Zoridae, votre billet nous a bien amusés, à la maison. Vous avez croqué vos accompagnatrices (teur), avec beaucoup d'esprit…, et de féroces quenottes. Ces petits portraits sont aussi vivants qu'habiles à fixer l'essentiel. Il y a juste une petite critique que je me permettrai, en admirateur du piano en général et de ma femme en particulier : vous faites la part belle au côté "diva" en oubliant qu'il existe des accompagnateurs au talent éblouissant. Gerald Moore par exemple, qui, de son vivant, était recherché des plus belles voix : Fischer-Dieskau, Schwarzkopf, Kathleen Ferrier… Mais bon, j'aimerais lire beaucoup de billets comme ça!
@balmeyer : on ne peut pas jouer de piano avec une camisole, mais on pourrait encore chanter. Ah! mais, c'est très mal de traiter comme ça! Quelqu'un vous a claqué un couvercle de piano sur les doigts quand vous étiez petit? ;-)

Zoridae a dit…

Leïloona,

Les guitariste j'en ai connu moins. Tout de même un avec qui je travaillais des mélodies contemporaine et qui était au conservatoire en classe de composition. C'était l'horreur, il ne parlait pas, même pas de musique. A l'époque les timides me ramenaient à ma timidité enfantine et les séances étaient très éprouvantes :)

Qu'il est bon de vieillir !

Natalys,

Arrête de me mettre la pression ;) !

Nicolas,

Lol, oui !

Tifenn,

Je peux répéter avec clavecin et viole de gambe. La clarinette devra être accompagnée d'un instrument harmonique. Il existe d'ailleurs un très beau lied de Schubert "Der Hirt auf dem Felsen" pour soprano, piano et clarinette....

Le Coucou,

Vous êtes pianiste ou c'est votre épouse ?
C'est sûr que j'en ai oublié, j'ai choisi volontairement de faire un portrait "à charge".

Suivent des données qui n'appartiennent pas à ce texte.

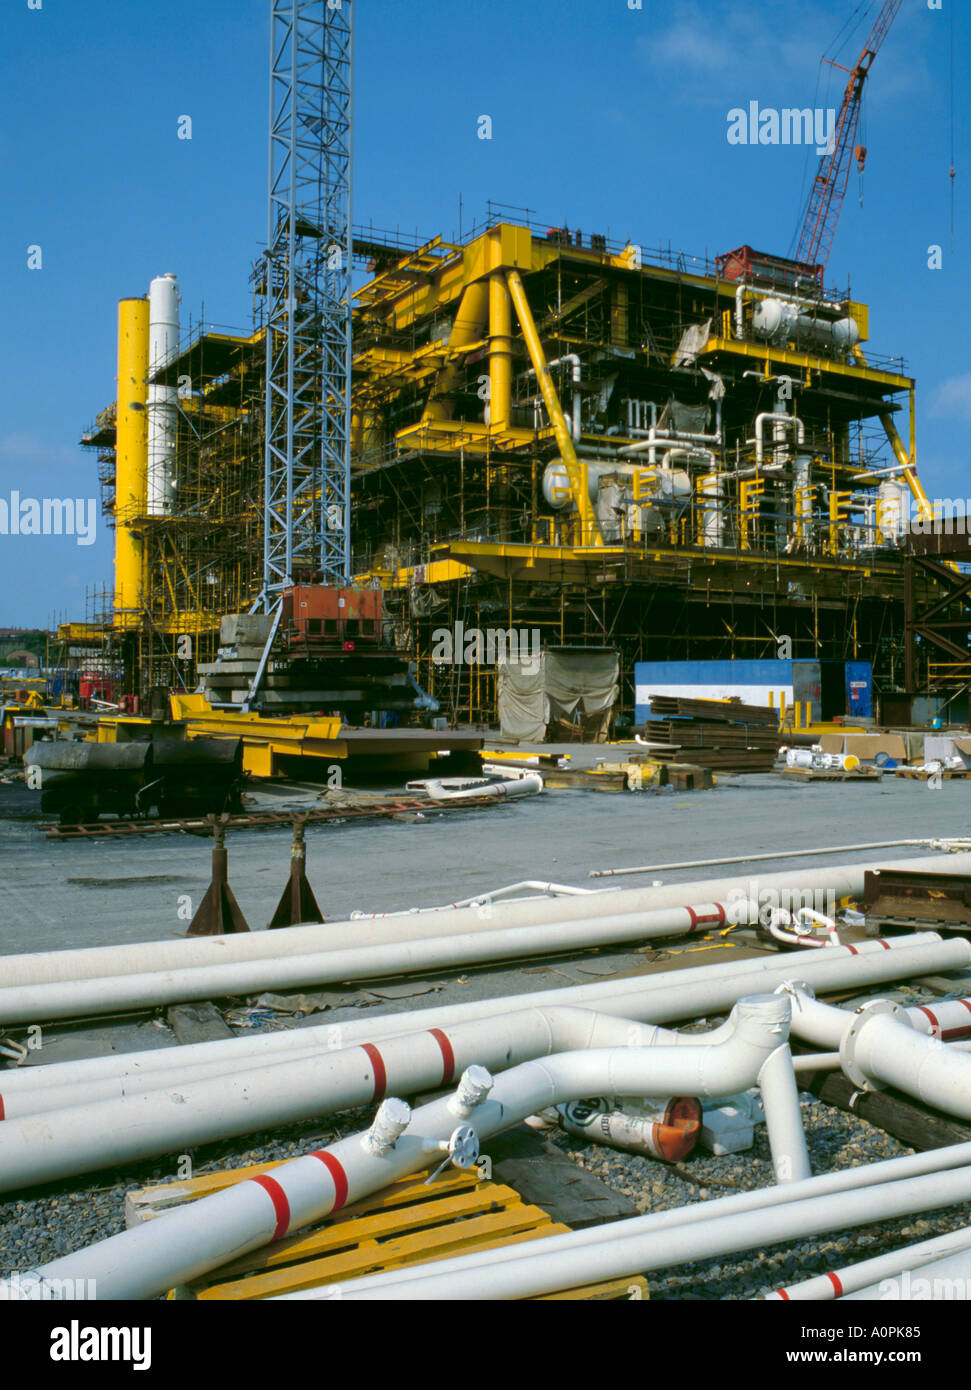 North Sea oil rig construction, Wallsend, Tyneside, Tyne and Wear, England, UK. Stock Photo

Je n'ai pas parlé du génial Alexandre avec qui j'ai joué à l'opéra de Lyon il y a quelques années et qui reste mon pianiste préféré de référence.

(Il semblerait, en outre, que j'ai enfin trouvé un pianiste très doué, charmant et NORMAL ! Mais chut, il vaut mieux patienter avant de parler que de se tromper...)

Ne vous inquiétez pas, certains accompagnateurs doivent se régaler d'histoires de Diva plus ou moins déséquilibrées :))

Le coucou a dit…

Ma femme, pas moi! Je ne sais même pas jouer du pipeau et je chante faux.